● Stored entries
BEGIN

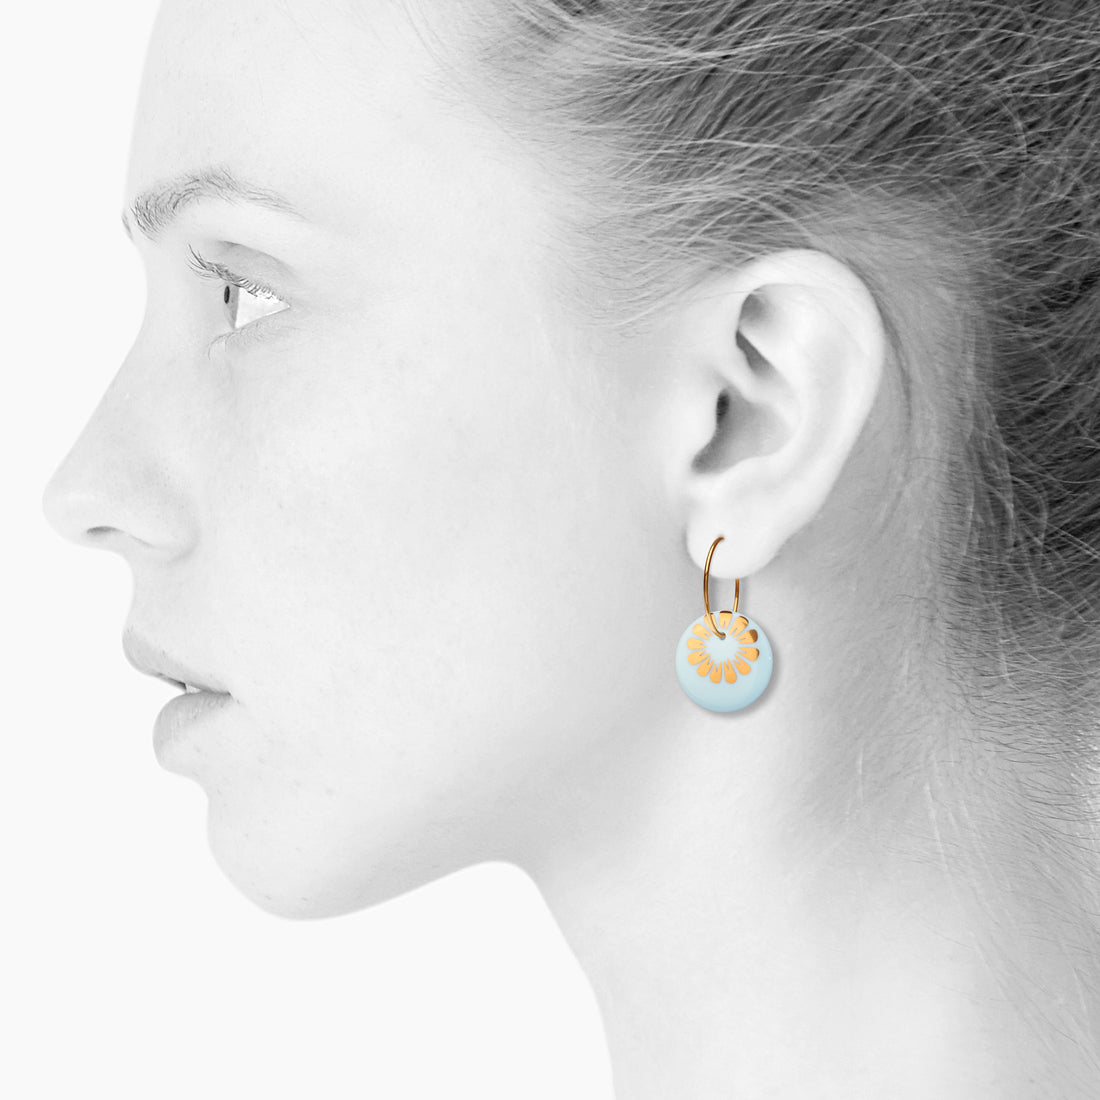 BLOOM øreringe, stor - CLOUD/GOLD - SCHERNING smykker
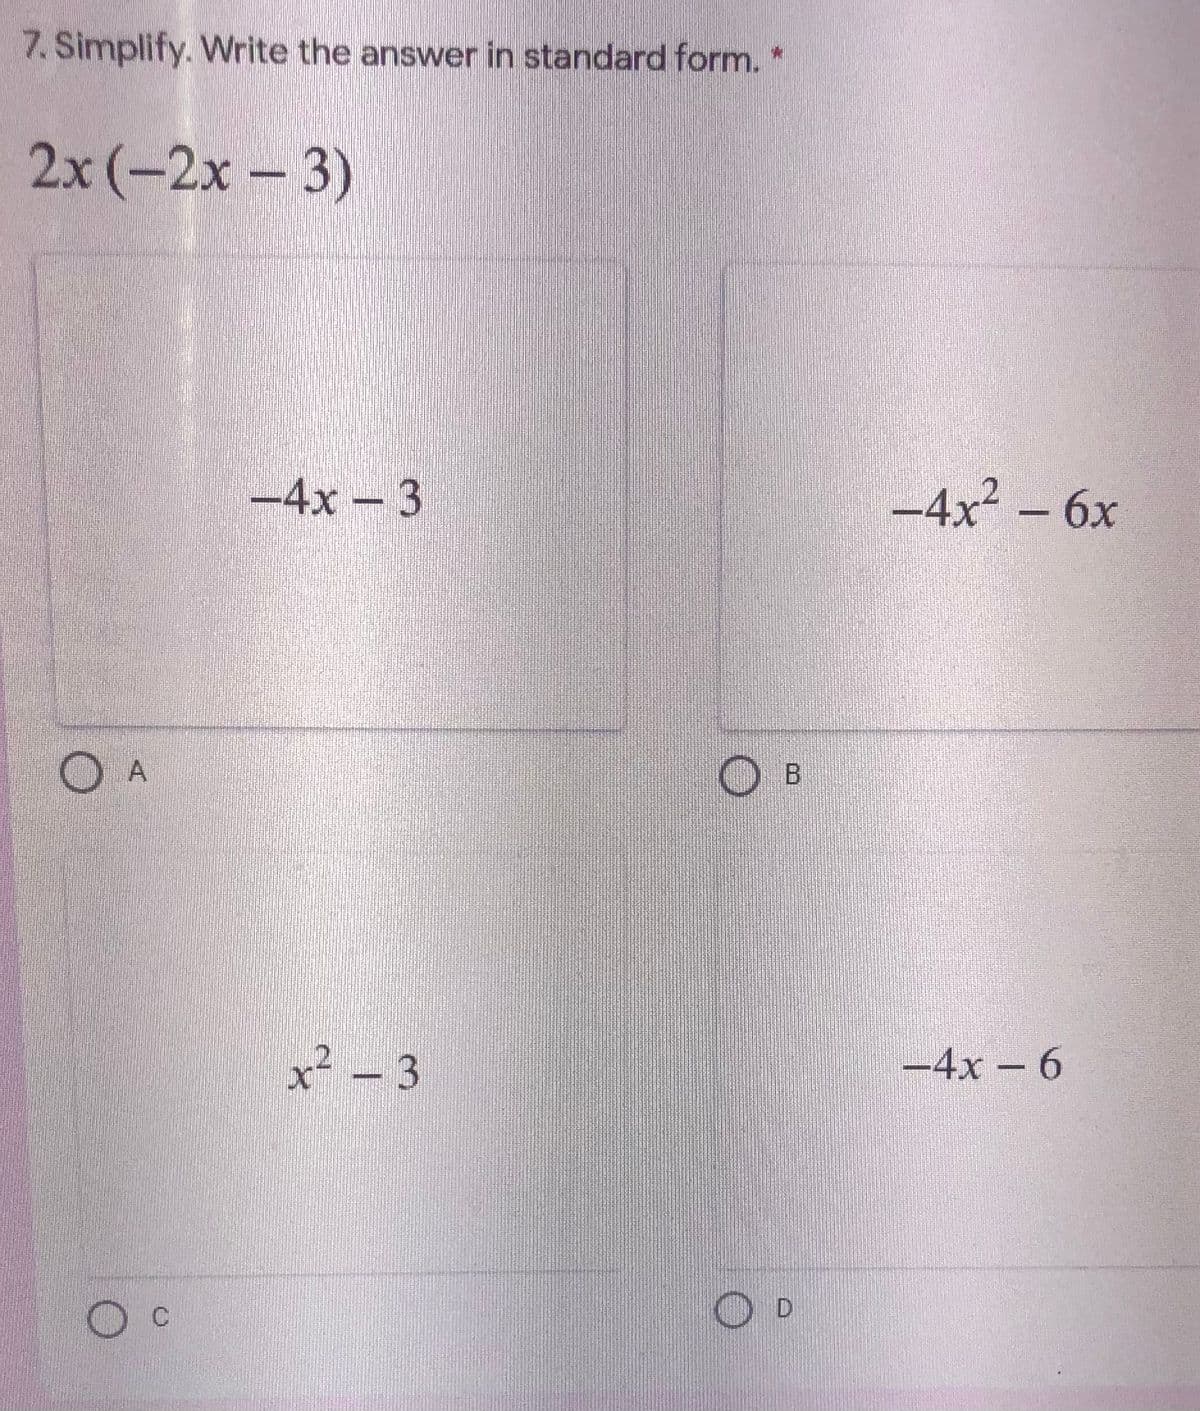 7. Simplify. Write the answer in standard form. *
2x (-2х-3)
-4x - 3
-4x² – 6x
O A
O B
x² – 3
21
-4x – 6
D

END

● WORK REQUEST
Set down all of the entries precisely and keep the pictures out of the copy.

● RESULT OF THIS TASK
 BLOOM øreringe, stor - CLOUD/GOLD - SCHERNING smykker
 7. Simplify. Write the answer in standard form. *
2x (-2х-3)
-4x - 3
-4x² – 6x
O A
O B
x² – 3
21
-4x – 6
D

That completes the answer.